Le pagine di questo libro hanno un profondo debito di riconoscenza verso alcuni protagonisti che ho direttamente conosciuto e che mi hanno affidato documenti, immagini, racconti, testimonianze: Sandro Campanelli, Addolorata Castrignanò, Salvatore Chiriatti, Assunta Colagiorgi, Giuseppina Cretì, Anna e Elisabetta De Razza, Brizio Antonio Gabrieli. Eguale sentito ringraziamento a chi non solo mi ha consentito di utilizzare immagini e foto dei propri cari, ma ha dimostrato sensibilità e disponibilità rare: Leda Durelli, Paolo Durelli, Francesca Licci, Giusi Palma, Tetti Petrachi, Dino Tommasi e la famiglia Colella. Doveroso poi ricordare Antonio Verri per i suoi affettuosi e ironici insegnamenti, il fotografo Giovanni Guido, che nel suo studio al centro di Lecce affidò racconti e immagini alla giovane laurenda che ero; il prof. Massimo Legnani, punto di riferimento non solo per me ma per un’intera generazione di storici; l’Università di Bologna, l’Opera Universitaria e lo Studentato di via San Leonardo, tutti gli amici con cui in quel periodo ho condiviso l’esperienza bolognese, in particolare Oronzo Marmone, Renato Colaci, Pino Maggiore, Michele Bianco, Carlo Zilioli.

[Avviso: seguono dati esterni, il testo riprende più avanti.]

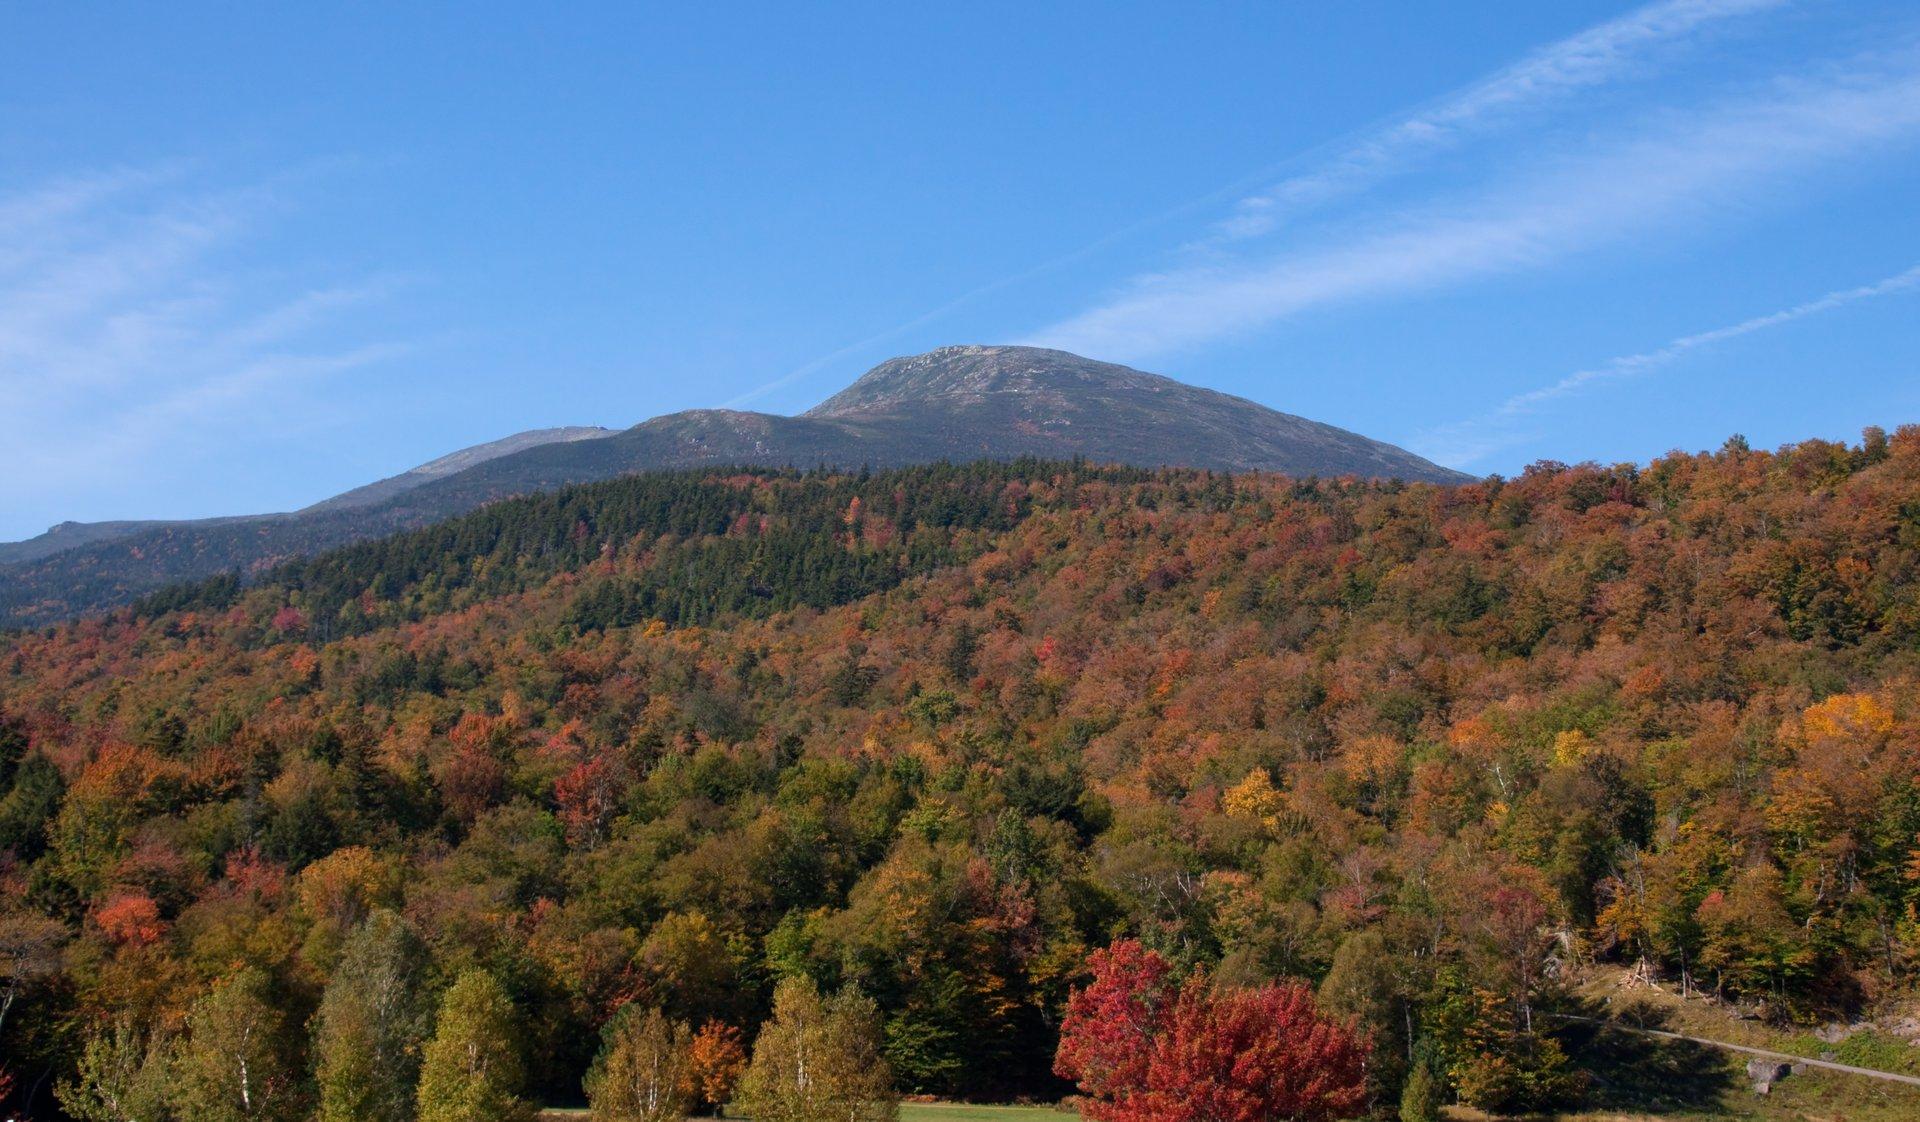 Mount Washington in New Hampshire - Best Season 2020

A Craig Allen Kelly e Christian Salmon del Centro di Ricerca sulle Arti e il Linguaggio di Parigi. Un ringraziamento va all’associazione “Pietro Refolo” di Maglie; a Silvano Palamà, direttore della Casa museo della civiltà contadina e della cultura grika di Calimera; a Pati Luceri per i contributi fondamentali e per i documenti messi disposizione; a Marilù, Martina e Mattia per le registrazioni e la lavorazione delle interviste. Grazie a Umberta per la tenacia e il rigore dello studio che allora compivamo insieme e su cui si andava formando una parte di me; a Luigi Chiriatti con cui discorrevo di questo libro quando Kurumuny ancora non esisteva e Giovanni era piccolo, e all’editore Kurumuny di cui ho apprezzato la professionalità e con cui ho piacevolmente condiviso la redazione di questo lavoro; agli amici che strada facendo mi hanno accompagnato: Fabrizio Gemma, Vito Marra, Daniela Duccini e molti altri che sto dimenticando. Naturalmente grazie a mia madre, anche per i suoi ricordi, ai premurosi «Basta» di mia sorella e alla stampante di mio fratello, ad Angela e Giovanni e a tutta la mia famiglia. Infine ad Alessandro, compagno di vita e di libro.